SOURCE MATERIAL

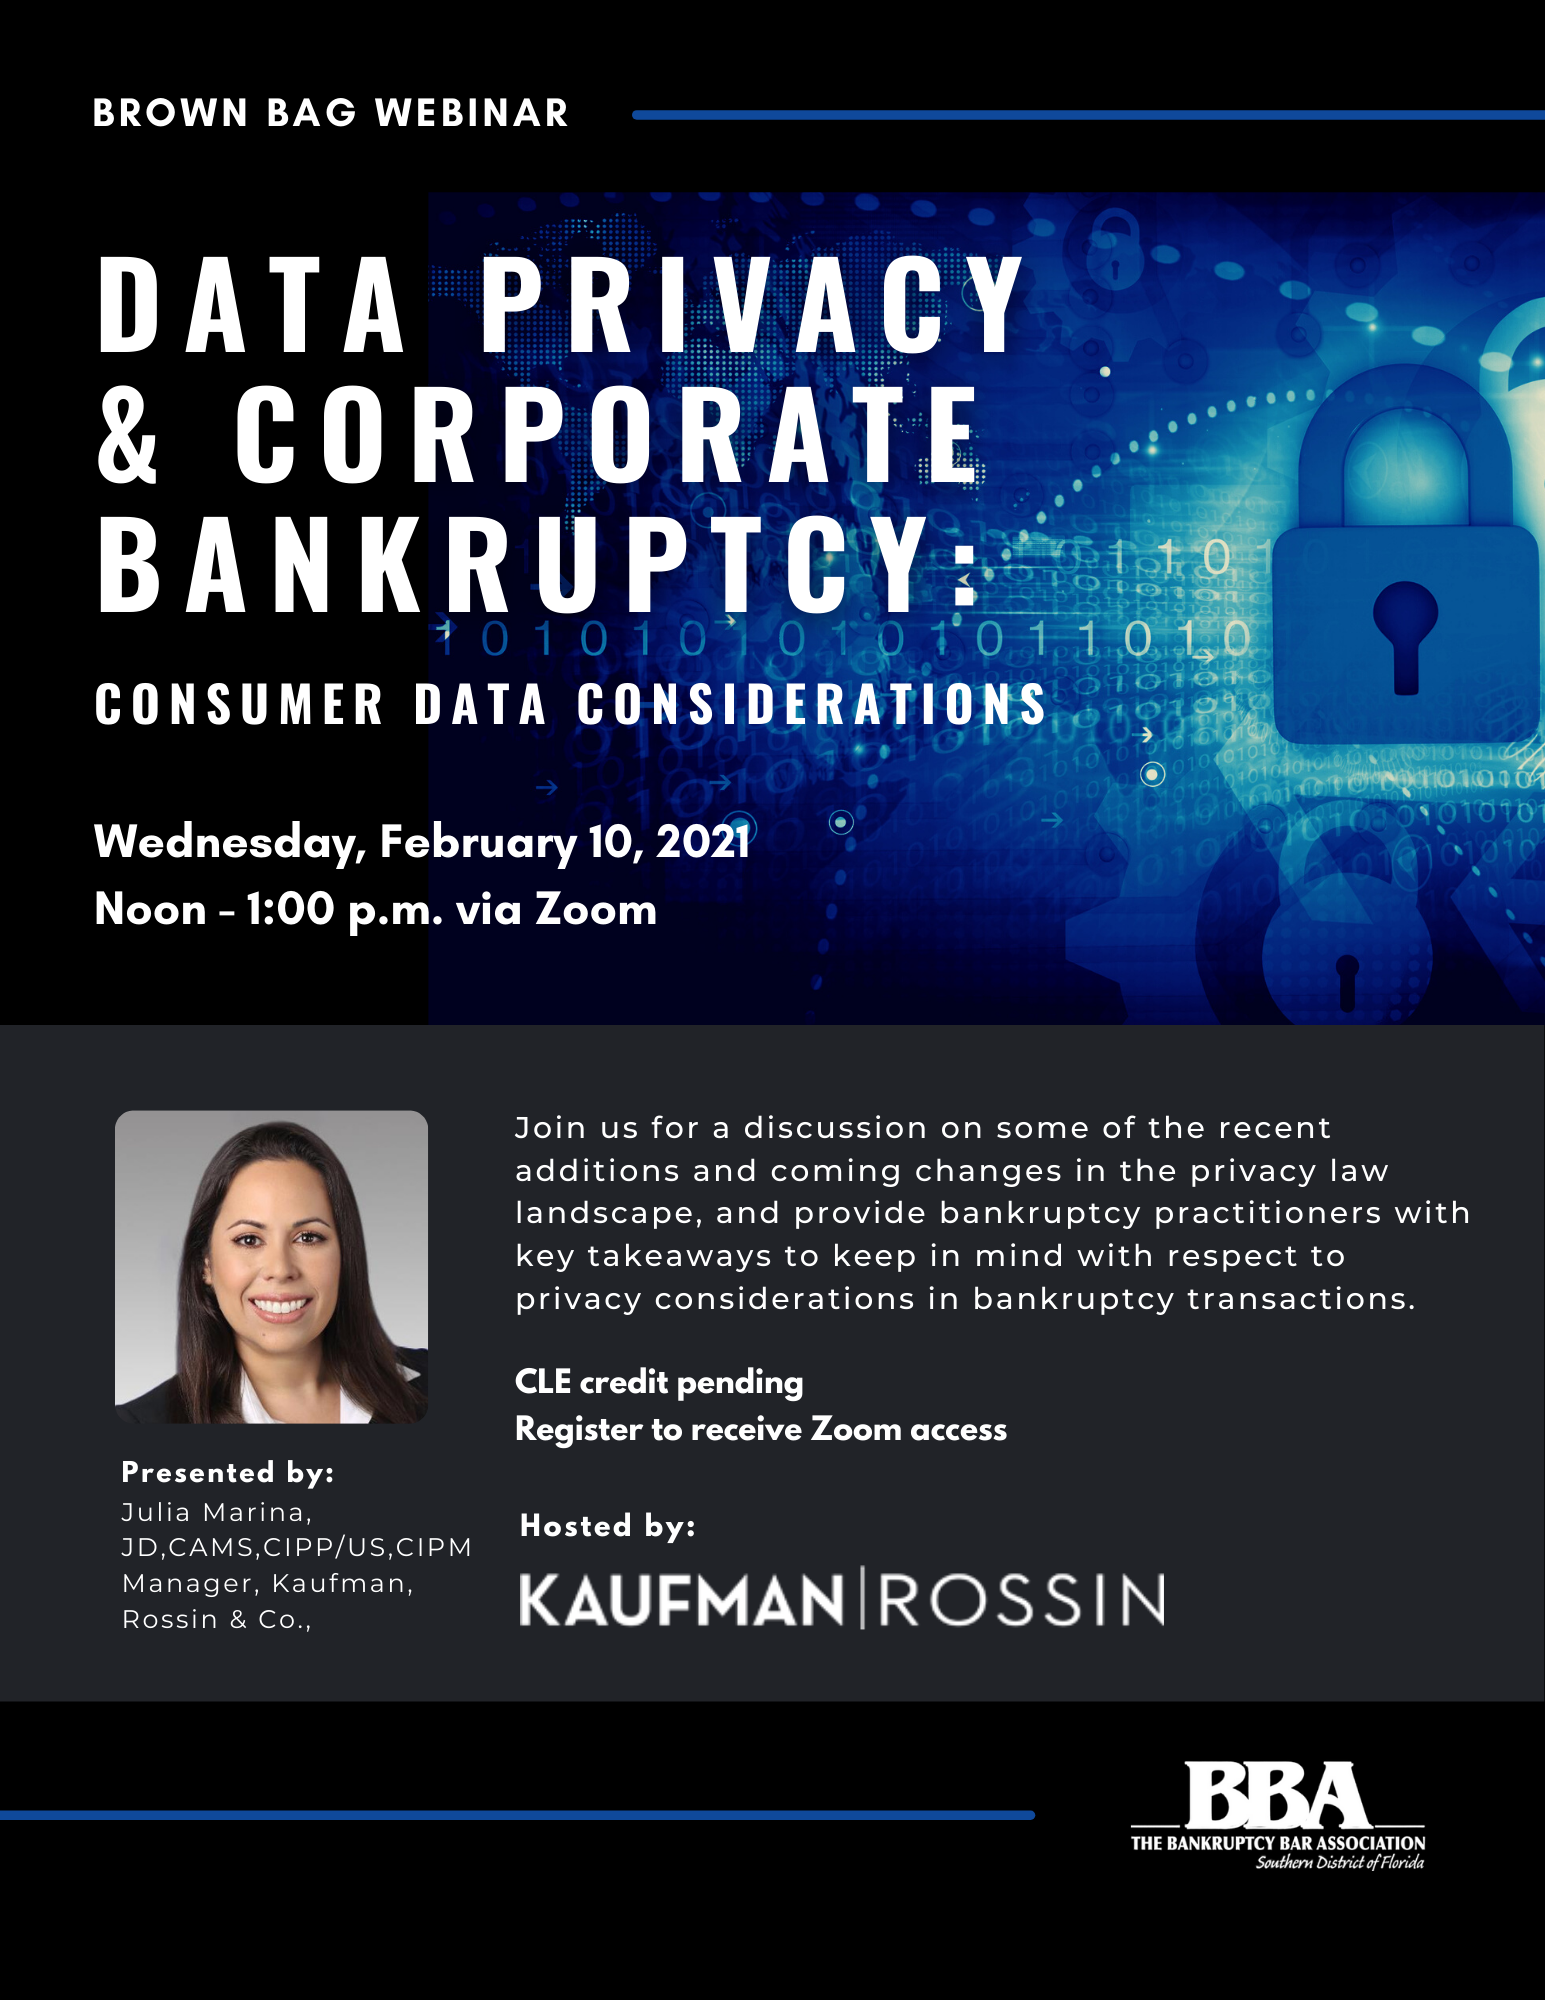 Brown Bag Webinar - Data Privacy & Corporate Bankruptcy: Consumer Data Considerations
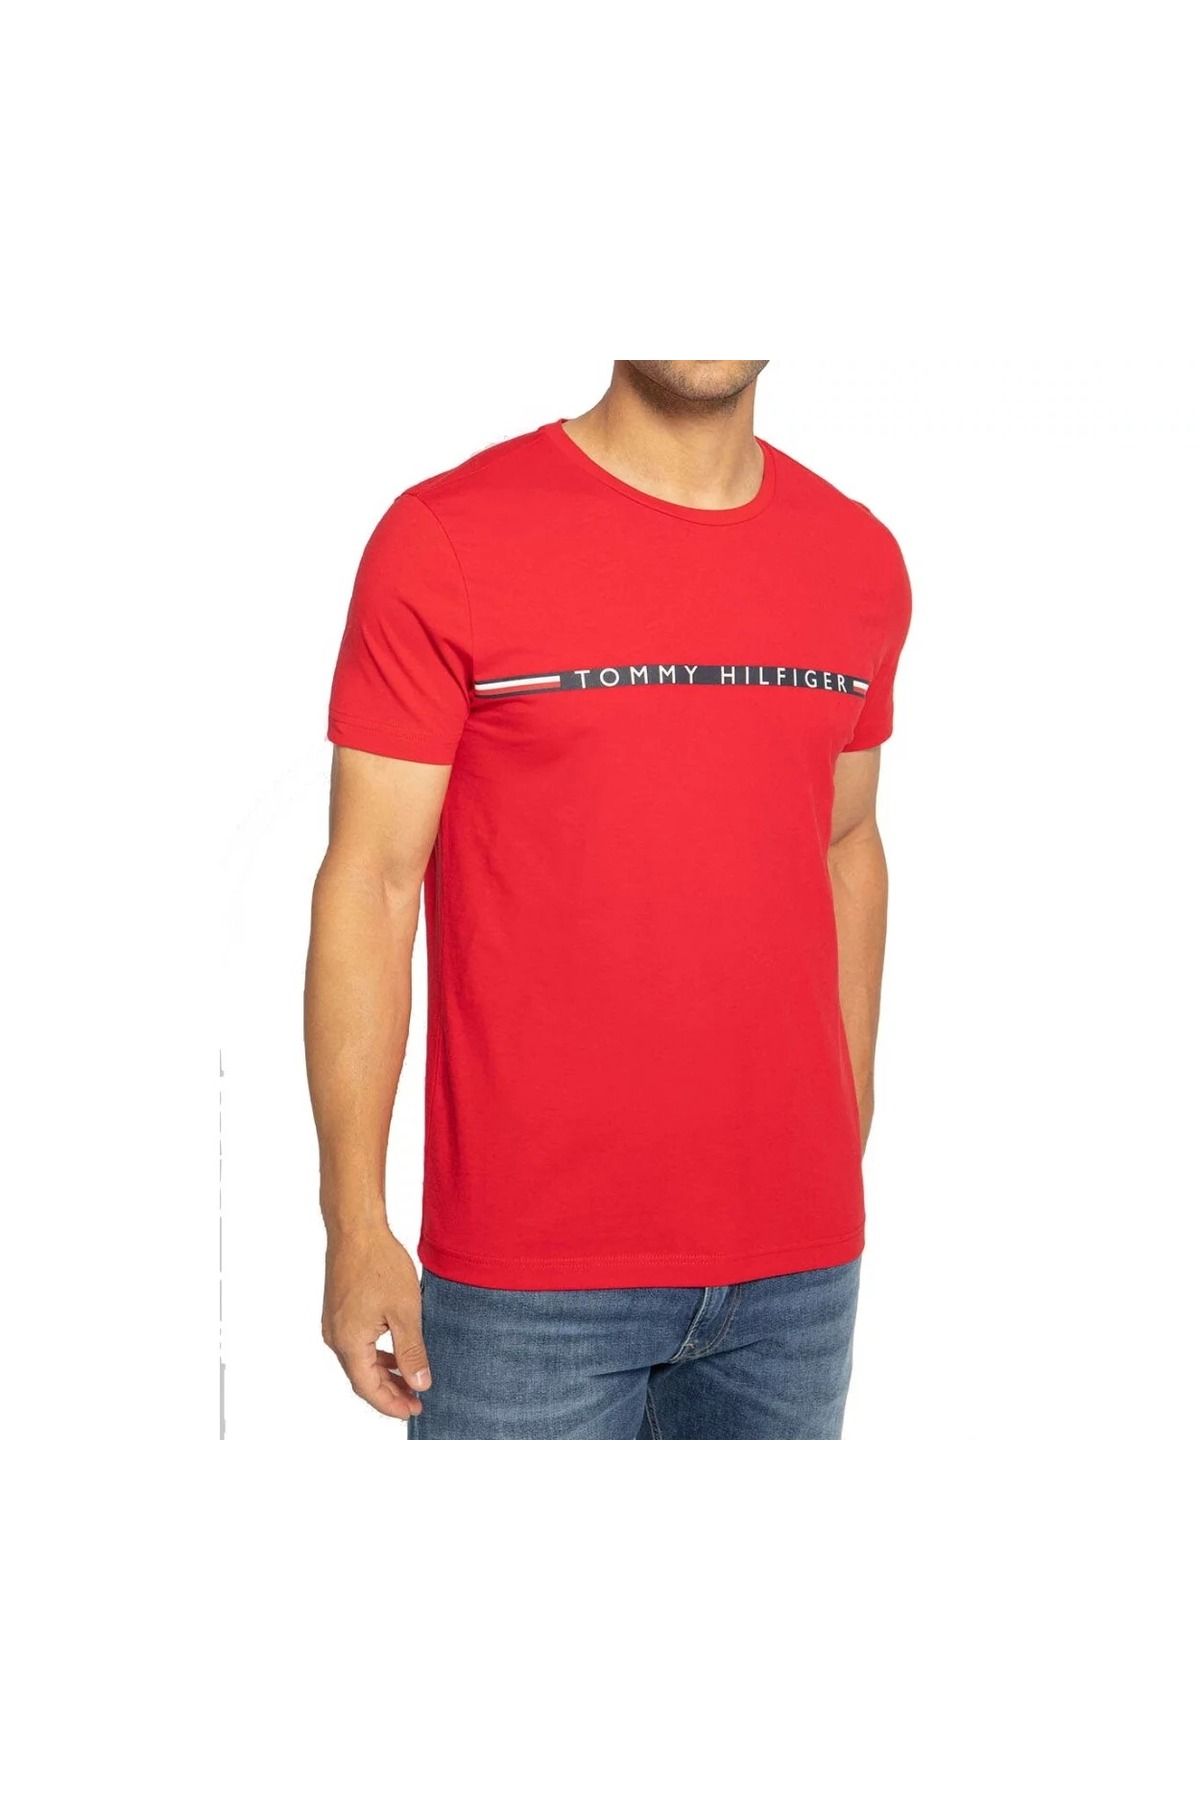 Tommy Hilfiger Red Man T-shirt
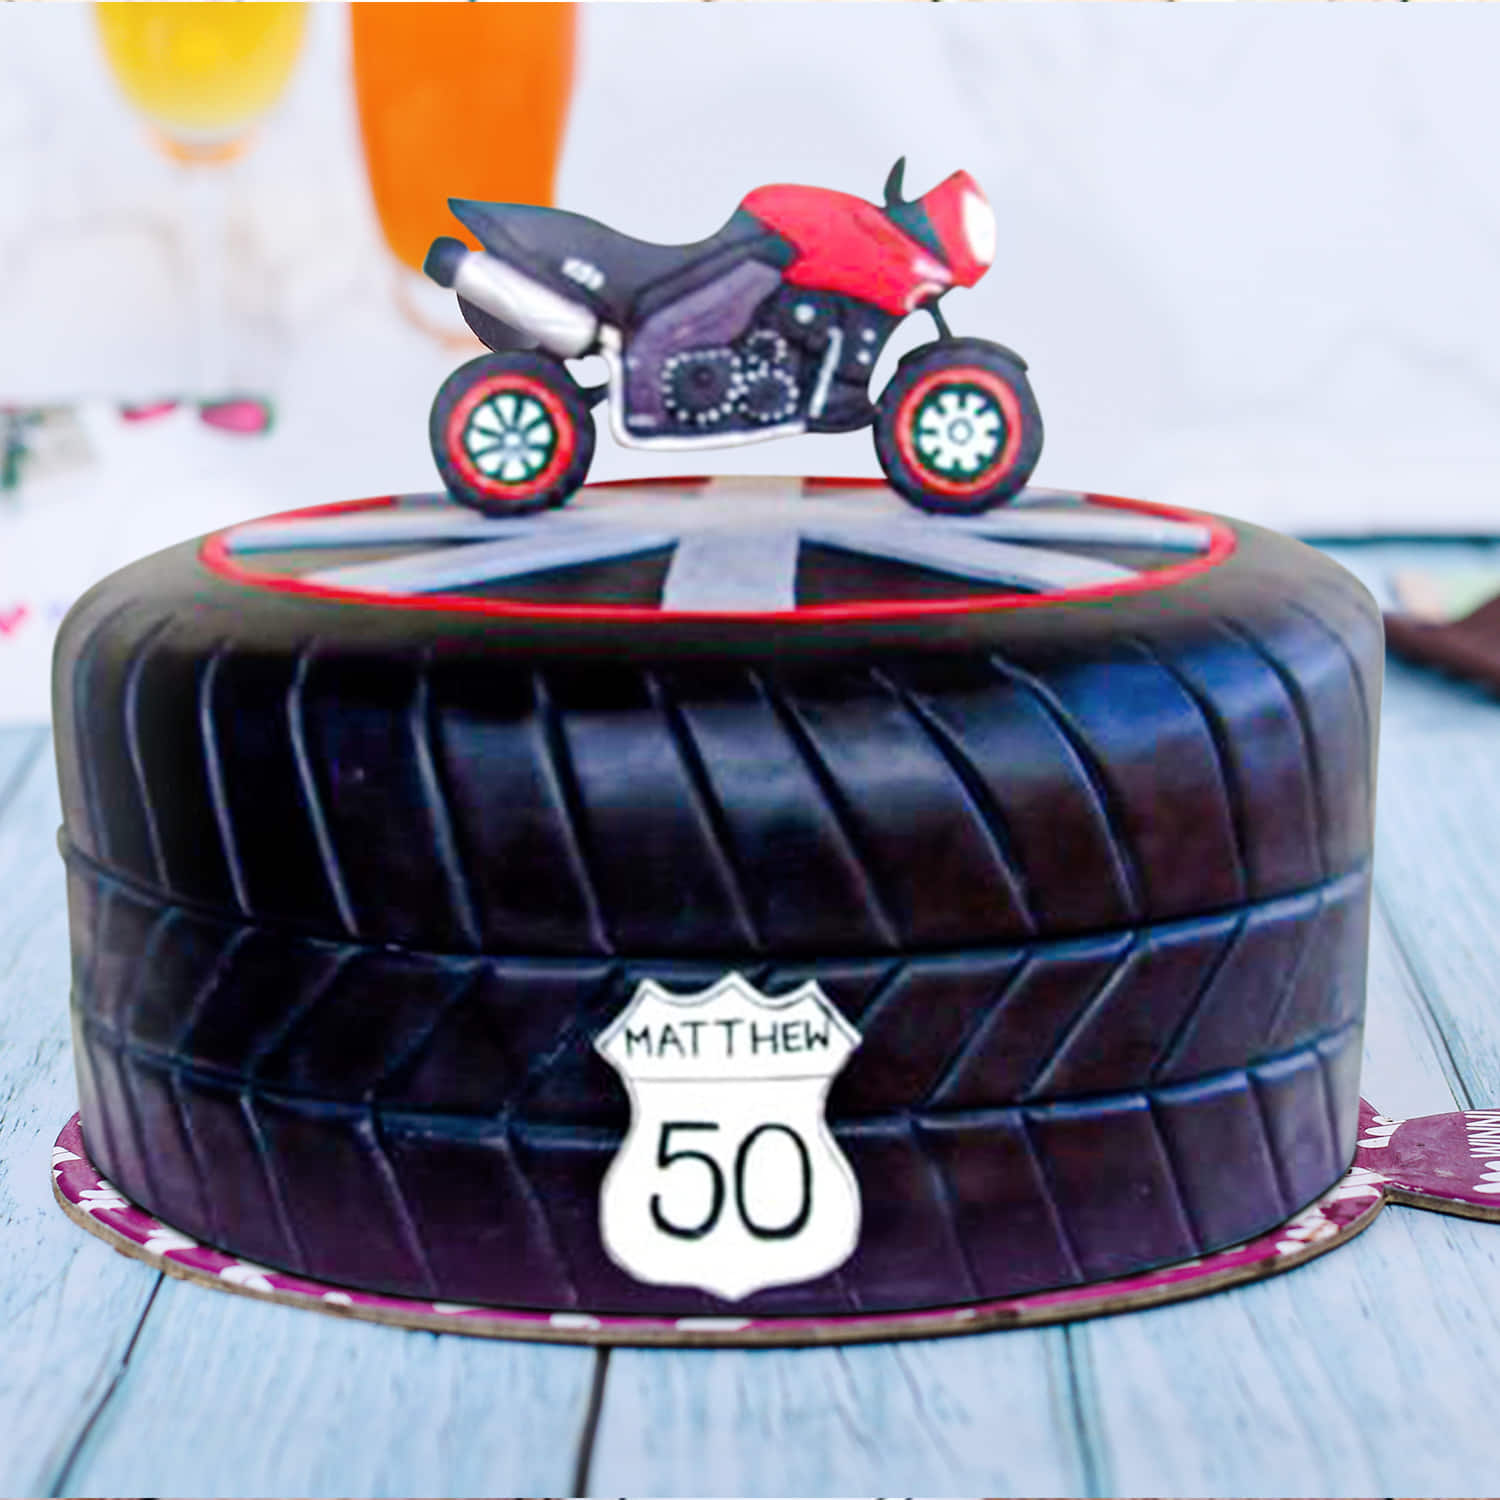 KTM Bike Toy Cake
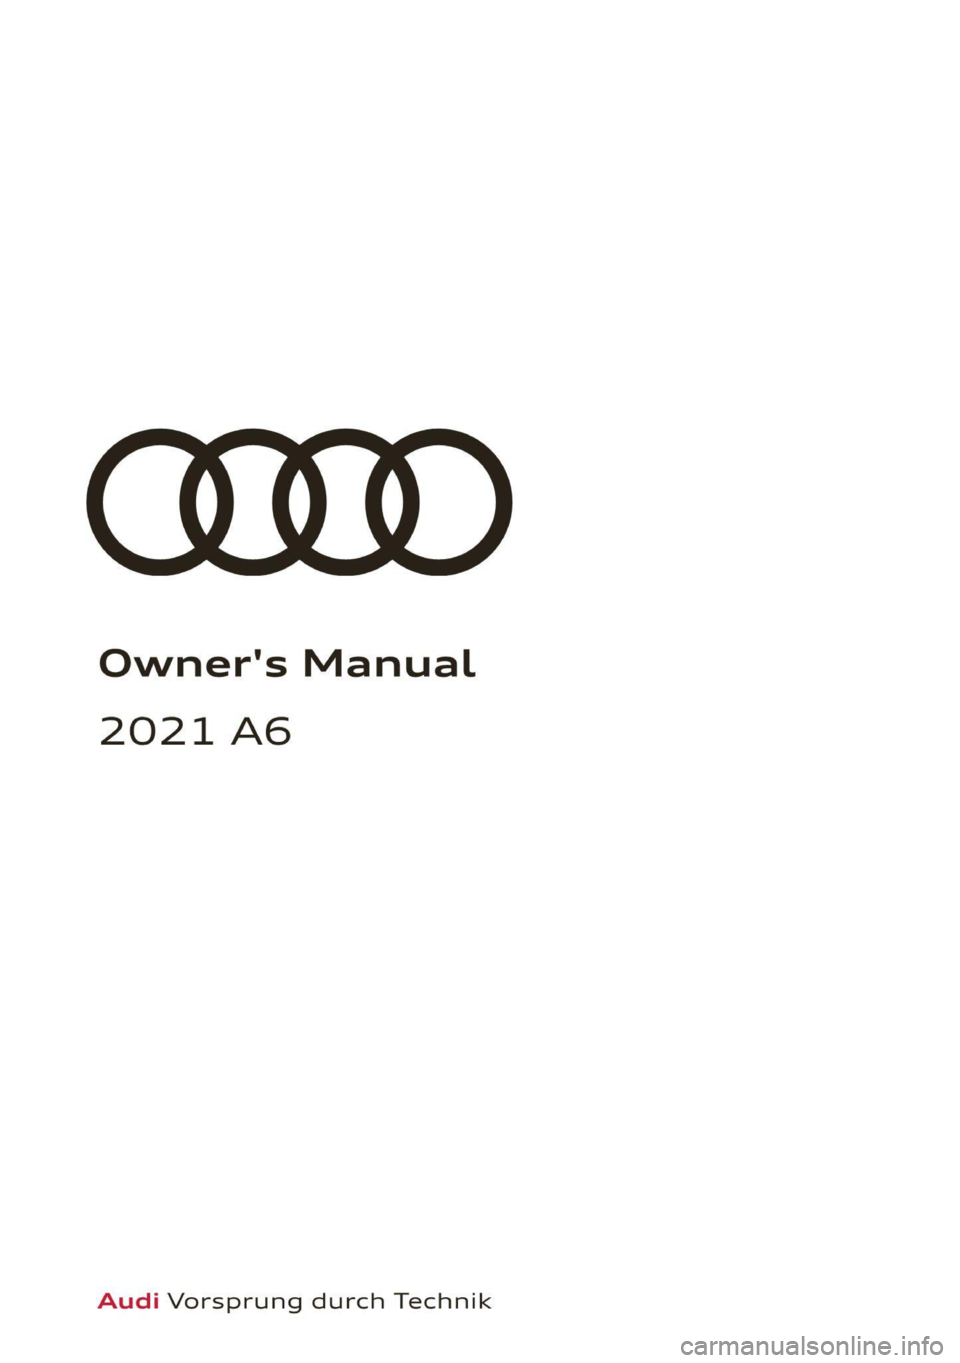 AUDI A6 2021  Owner´s Manual Owner's Manual 
2021 A6 
Audi Vorsprung durch Technik

WHAT IS EXPECTED
The copy must begin at the line containing "Tommy Hilfiger Red Man T-shirt" and end at the last line of the data above, with every line retyped exactly and no pictures included.

TASK RESPONSE
 Tommy Hilfiger Red Man T-shirt
 KTM Bike Toy Cake
 AUDI A6 2021  Owner´s Manual Owner's Manual 
2021 A6 
Audi Vorsprung durch Technik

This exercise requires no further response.